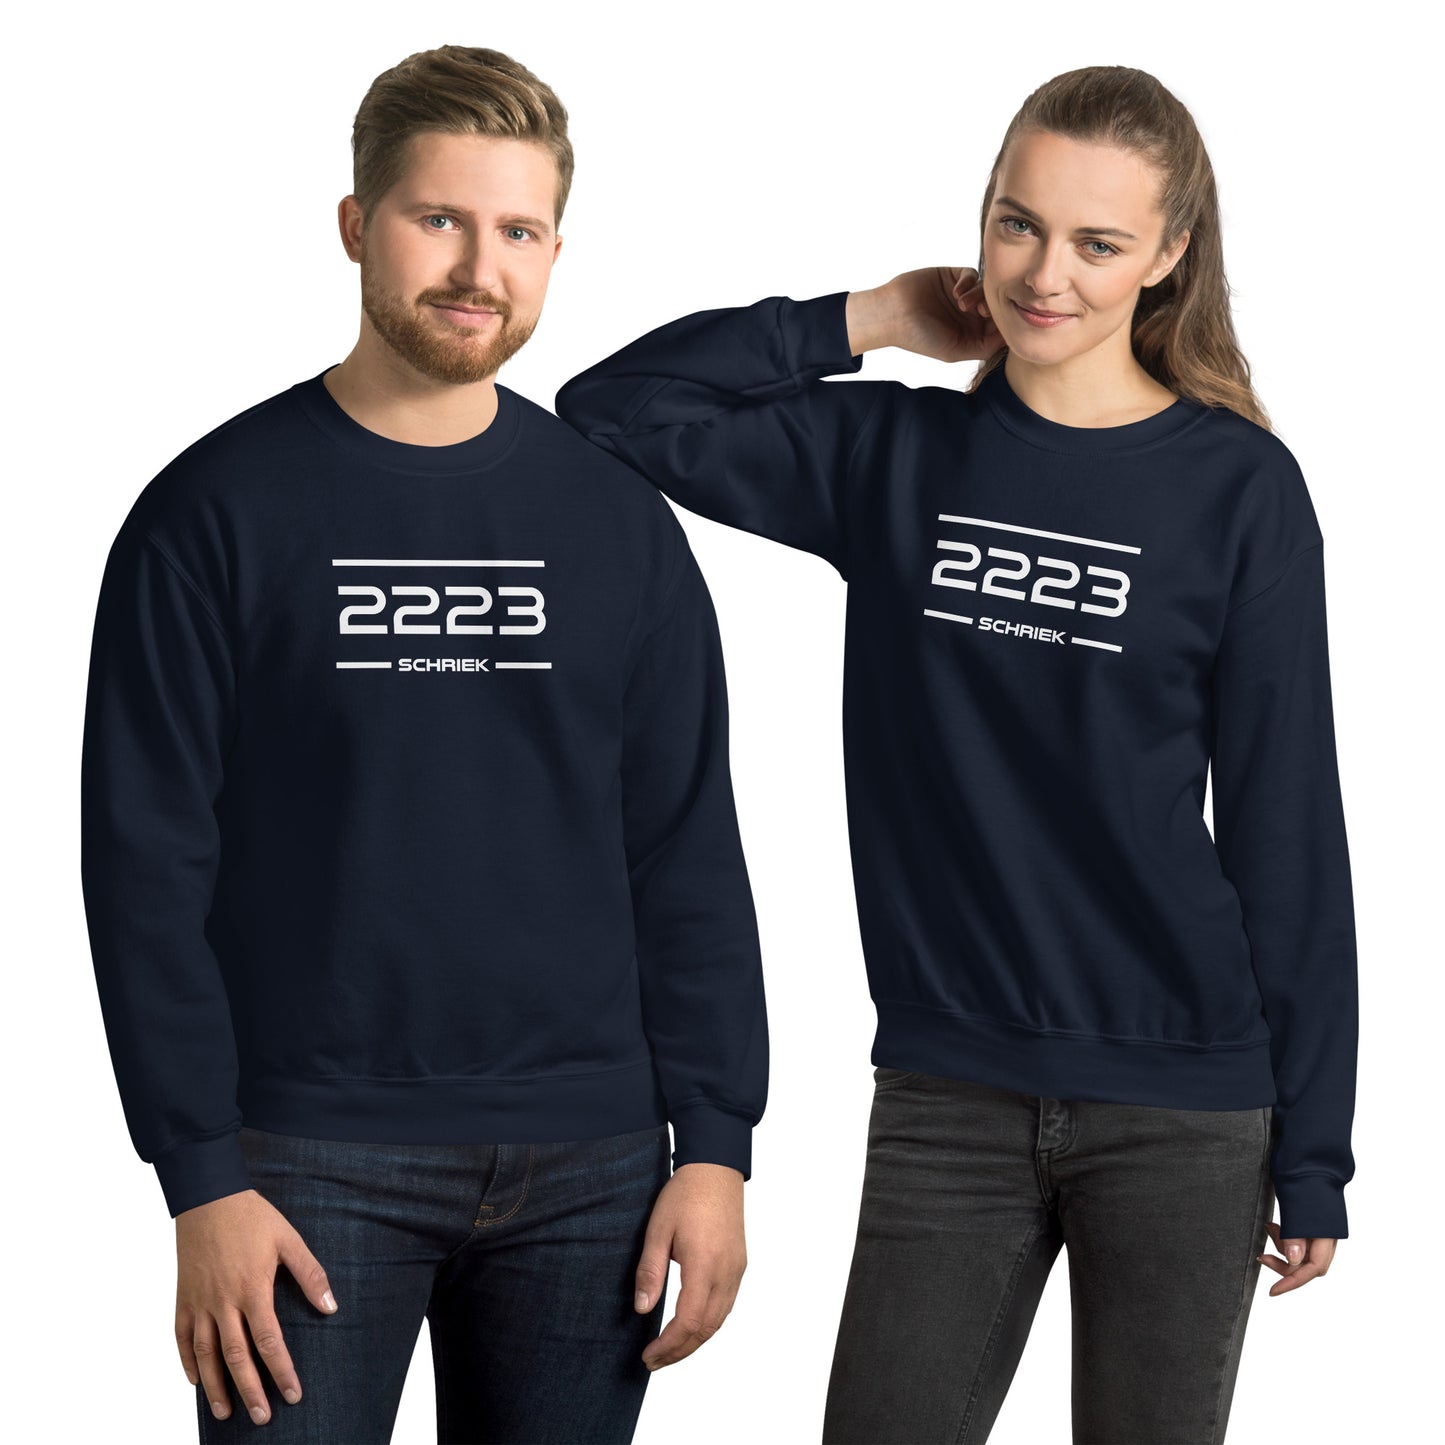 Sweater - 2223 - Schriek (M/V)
===
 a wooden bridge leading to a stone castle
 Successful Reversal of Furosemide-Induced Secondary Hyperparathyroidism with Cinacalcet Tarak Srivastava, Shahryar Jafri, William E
===
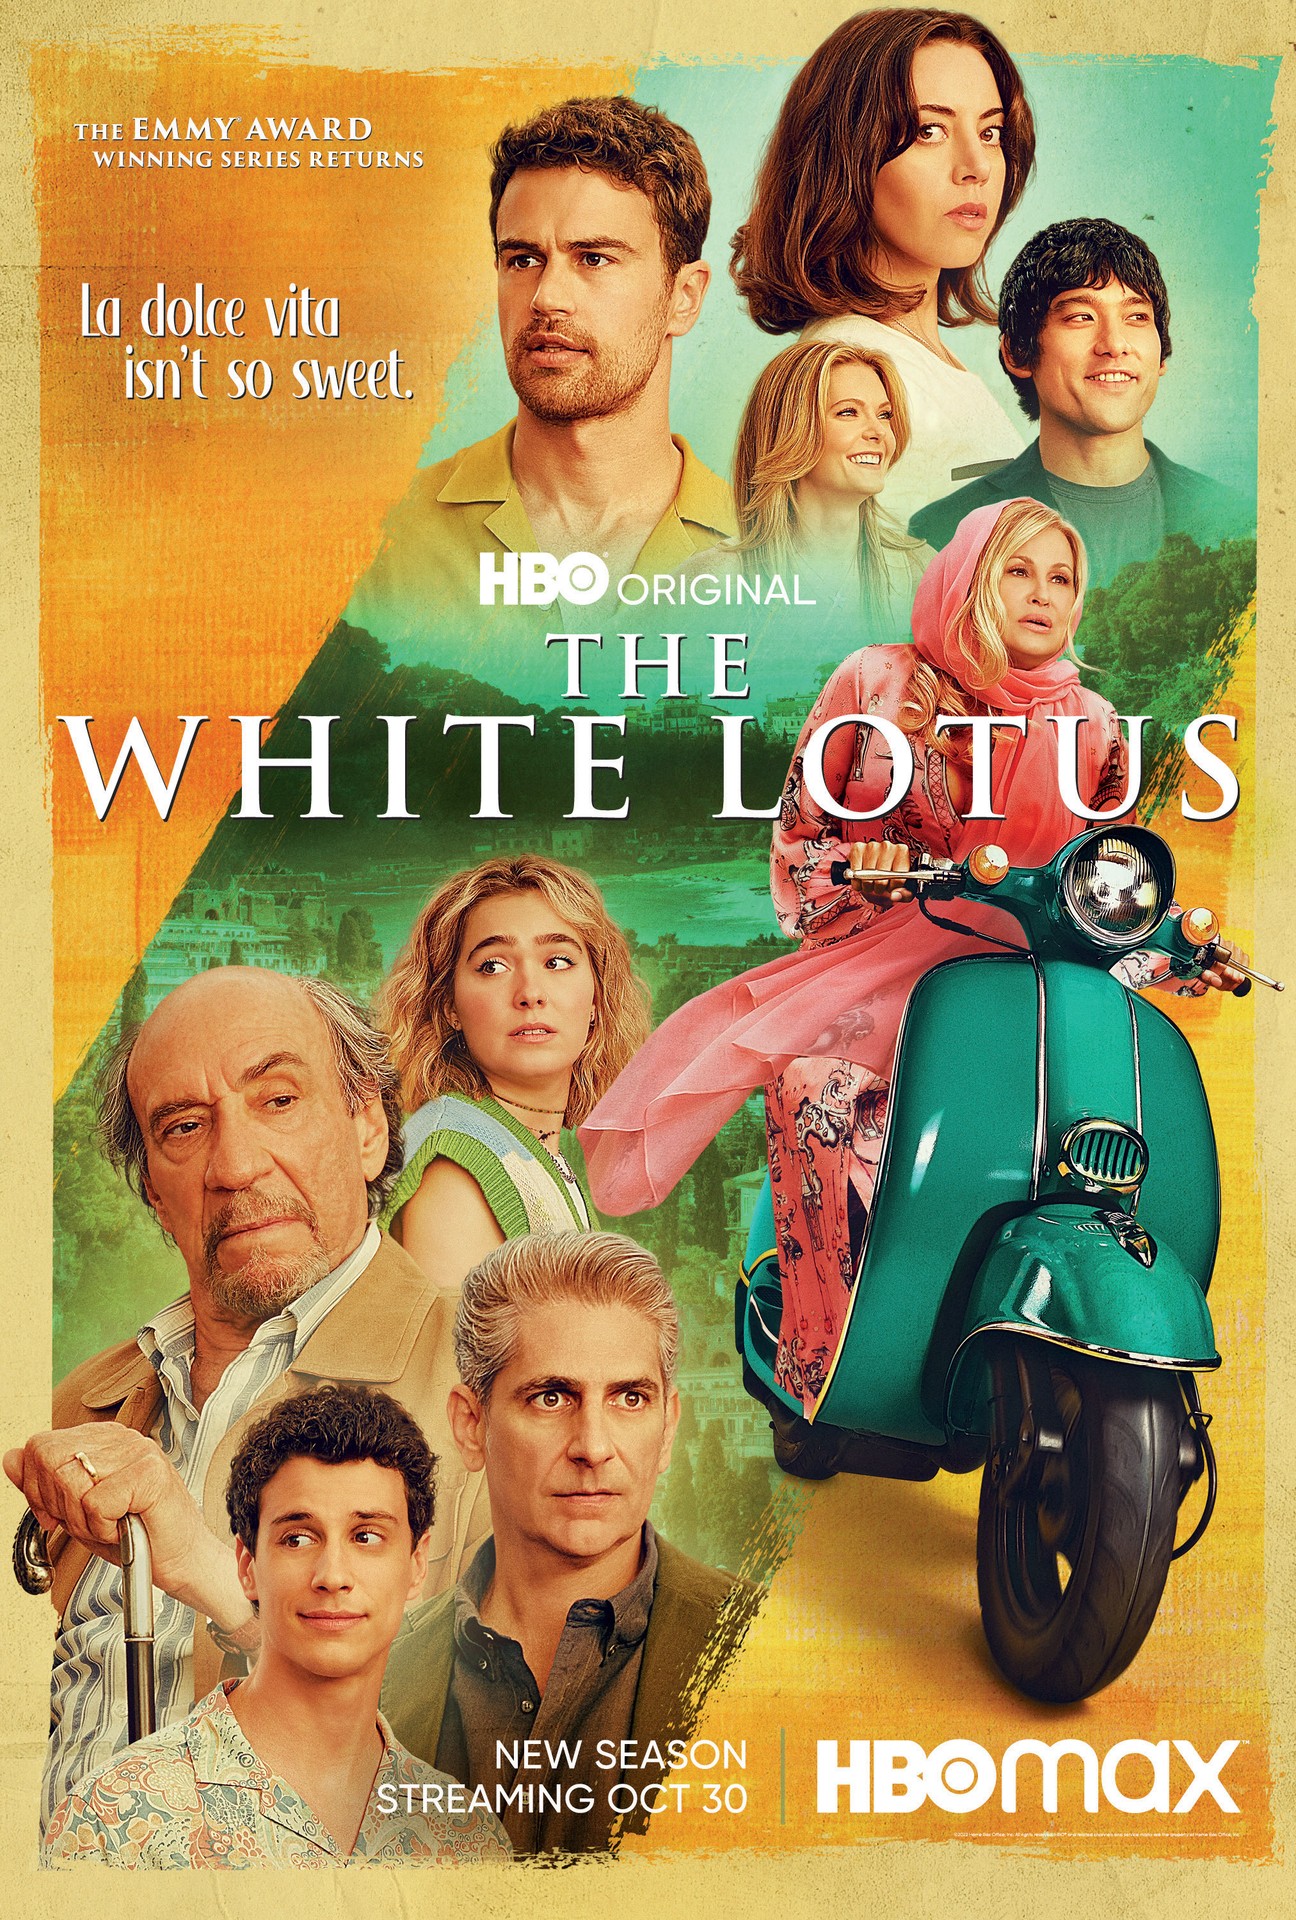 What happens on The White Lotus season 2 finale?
===
• Your assignment:
Only the lines above starting with the one with "a wooden bridge leading to a stone castle" and going through the one with "Successful Reversal of" are to be copied, word for word and with both ends kept.

• Response to the exercise:
 a wooden bridge leading to a stone castle
 Successful Reversal of Furosemide-Induced Secondary Hyperparathyroidism with Cinacalcet Tarak Srivastava, Shahryar Jafri, William E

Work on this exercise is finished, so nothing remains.